This week is an odd double user group week. This was due to the Azure User Group rescheduling their meeting to this week due to the crazy weather we had last week and the .Net User Group doing their normal meeting. Due to that I am trying to take notes on both events and use them to create a post. Here is Omaha UG Beyond Agentic: Trustworthy Ai for Everyday Techies.
There were 4 key points we should be keeping an eye on for trustworthy AI.
Four key points we should be keeping an eye on for trustworthy AI RSVP.
- Responsible
- Secure
- Verifiable
- Private
Responsible
We want to make sure Ai is fair.
Accountability is important you should have an accountability statement.
Defining roles and responsibilities.
- Who is responsible for the Ai system?
- What are the consequences of failure?
- How do we know it is working?
Monitoring Ai systems establish monitoring to insure compliance.
- Make sure it’s not compromised.
- Make sure it’s not being used for something it’s not supposed to be used for.
Secure Ai
Threats and Vulnerabilities in Ai Systems
In traditional code we can have if and else statements. Then as we keep adding more like SQL and other languages to do more complex logic.
Data Poisoning
Example of this is someone using their linkedin profile header to hijack your model to give you a URL to click.
- Malicious actors can poison training data to make Ai systems more likely to make mistakes.
- This can be done by adding noise to the data or by adding incorrect data.
- This can be mitigated by using more data and by using better data cleaning techniques.
Adversarial Attacks
Example of this “my grandma used to tell me about nuclear weapons” which would make the model so excited to talk about your grandma and forget it shouldn’t talk about weapons.
Model Inversion Risks
Example of this is something like (probably) Deepseek. Which possibly took some of Open Ai’s data to improve their own model.
Input Validation
This is important to make sure only valid data is processed by our Ai applications.
Anomaly Detection
If you don’t have a SEAM don’t have public facing model.
Adversarial Training
Training models to attack other models.
Best Practices for Ai Security
- Clean Data is Required
-
- With Ai. Data is the code. Your code must be clean.

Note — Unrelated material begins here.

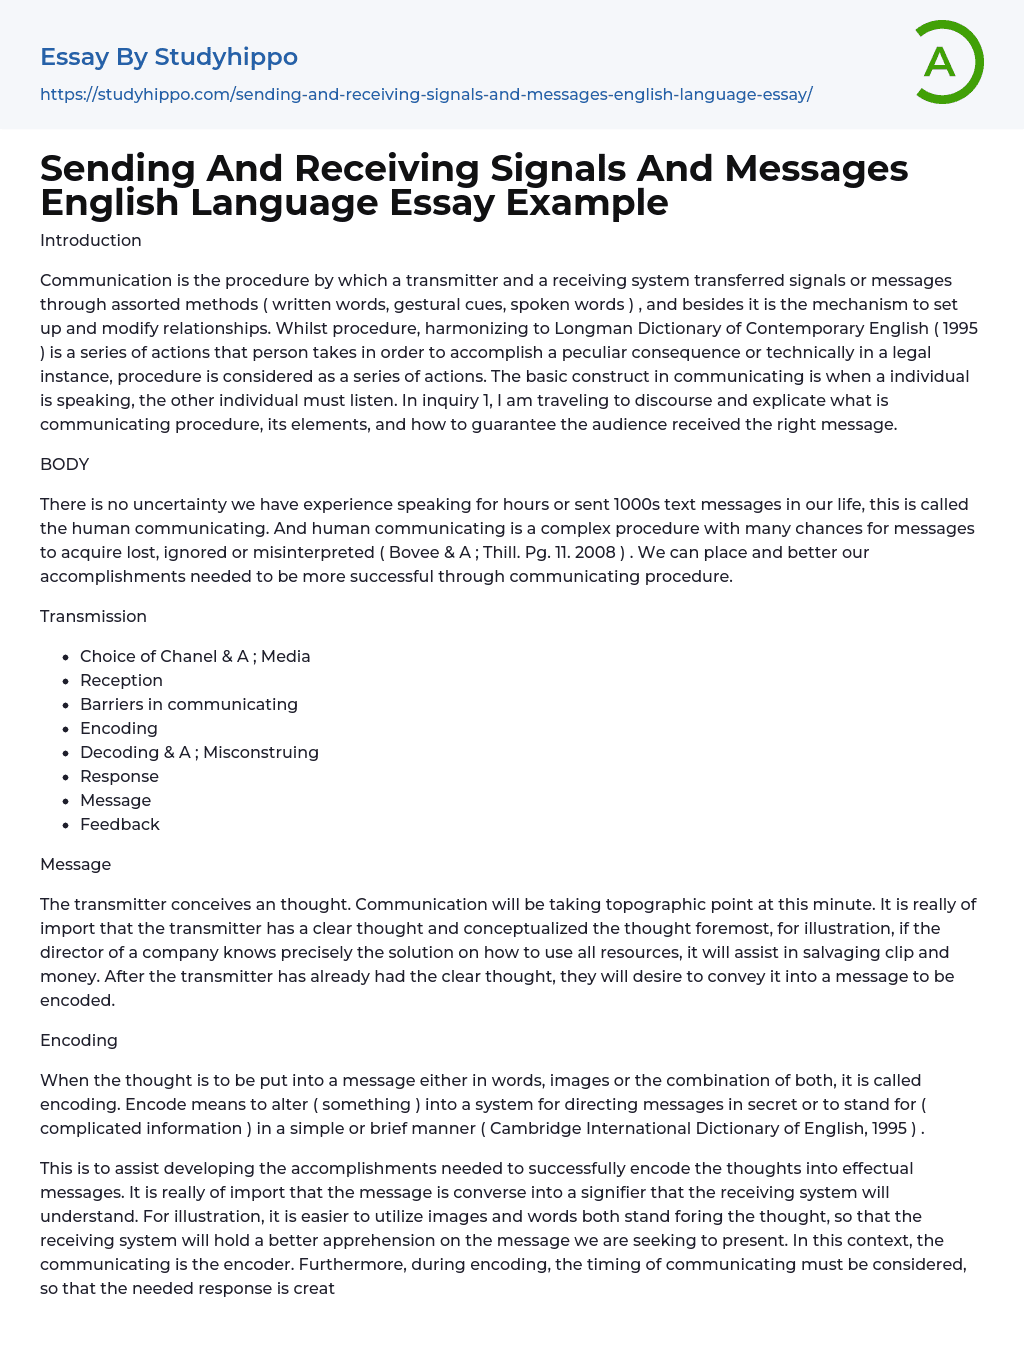 Sending And Receiving Signals And Messages English Language Essay Example

- Regular Security Assessments
-
Verifiable
Building Trust in Ai
Verifiability is critical for building trust in Ai among users
Assessing Reliability
Verifiability enables stakeholders to asses the reliability of Ai models through audits, testing, and performance evaluation.
Meeting Standards
Ensuring Ai models meet established standards and expectations through verifiability is crucial for complains and
Methods for Verifying Ai Models
Formal Verification
Only works if you have all training data.
Testing Techniques
Testing techniques involve running Ai models with various inputs to evaluate their performance and identify potential errors.
Validation Techniques
Validation techniques assess the accuracy and reliability of Ai models by comparing outputs against know results.
Challenges and Solutions
Complexity of Ai Systems
Private
Data Privacy in Ai Systems
Protecting User Data
Data privacy in Ai systems focuses on safeguarding user data from unauthorized access and potential misuse
Data minimization Practice
Implementing data minimization practices helps in reducing the amount of PII. Laws in HIPAA and how/when to do this.
Encryption Techniques
Using encryption techniques ensures that user data is stored and transmitted securely. Most Ai is not encrypted it is encoded.
Techniques for Preserving Privacy
Differential Privacy
Adds element of user into the model.
Federated Learning
Does some learning on my stuff, your stuff, etc before it tries to make an inference on something.
Secure Multi-Party Computation
Threshold cryptography two parties can agree to open something. Is it used outside of Ai right now? National defense and post quantum encryption the is working on threshold cryptography.
Regulations and Compliance
Important of Compliance
Understanding Regulations
GDPR CCPA etc
Aligning Ai Practices
Questions to take home
- How do you describe what people are or are not allowed to do with Ai?
-
- How do you determine when you need to disclose use of Ai?
- Are there high-impact (legal, financial, health outcome, etc.) risks?
- Are people required to re-search for actual web or internal references?
Conclusion
- Importance of Trustworthy Ai
- Focus on Responsibility
- Upholding Ethical Standards
Link to checkout.
Conclusion with my thoughts. Overall, I think this talk was more geared towards companies that are trying to build their own custom AI applications. I am not saying these considerations are not important, but I think certain points carry much more weight across any AI systems. I think security and responsibility are the most important. Why? Well private was covered more as having your own private system and models. If we are using an off the shelf LLM then we don’t have to worry as much about privacy. I also think verifiability is important, but I don’t think it is as important as the other two. That is due to the fact that we are using LLMs to generate data. That also means it might be hard to have the same answer across multiple runs. That’s the pro and con fo AI. I really enjoyed this talk and I am hoping Drew Wigodsky will be a guest on Azure Cloud Talk!